As the Times reported, Raimondo told staffers after the Democratic Party's failure to pass childcare legislation as part of the Inflation Reduction Act last summer, “If Congress wasn't going to do what they should have done, we're going to do it in implementation" of bills that President Joe Biden did sign into law.
"Something is not always better than nothing," tweeted Haspel. "I'm as upset as anyone that real childcare reform died thanks to unified opposition from the GOP and then Joe Manchin. But we must fight for a system that works rather than accept a fatally flawed premise."

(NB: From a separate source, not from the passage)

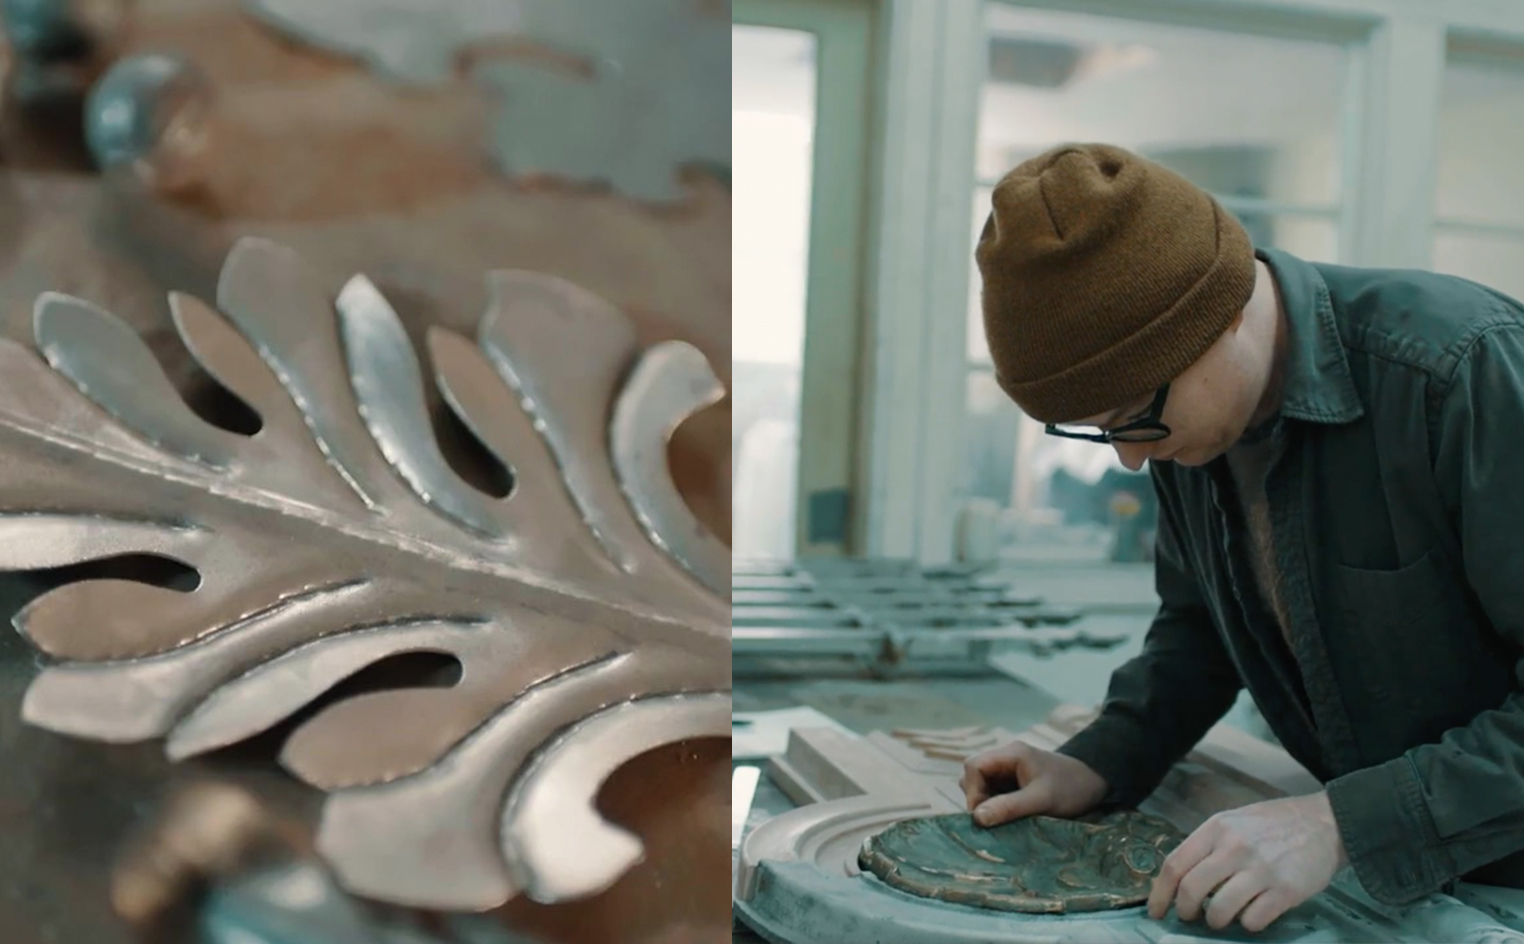 Voyez le travail complémentaire du métallier Louis Barrette et du forgeron Olivier Maranda qui, dans un même atelier, accueillent des projets variés : restauration de patrimoine, œuvre d’art publique, sculpture, installation et ferronnerie d'art.

Establishing a system in which childcare is linked to employment raises questions about what will happen to a worker's children if they lose their job or if a company changes its benefits, he added.
"You don't want these things bundled with employment for the obvious reason that people want these services to be continuous as they move from job to job," Matt Bruenig of the People's Policy Project concurred.
To solve the childcare crisis, said Haspel, the care of children must be treated as a public good—one that's paid for through fair taxation of corporations.
"Employers SHOULD have skin in the game for childcare," he added, but the way to ensure they do is not through "an ad hoc move."
"Levy taxes and use those dollars to build a system that works for everyone!" he said.
He compared the Biden administration's plan to one in which companies would be required to ensure their employees' children have access to elementary education, if the federal government didn't provide public schools.
"The question isn't 'on site childcare or no'," said Haspel, "it's whether we support on-site childcare as part of a comprehensive, publicly-funded childcare system that provides options for all parents, or simply as a discrete perk for a given number of employees working at a given site until they leave/are fired from their job or the company decides they don't want to run a center anymore."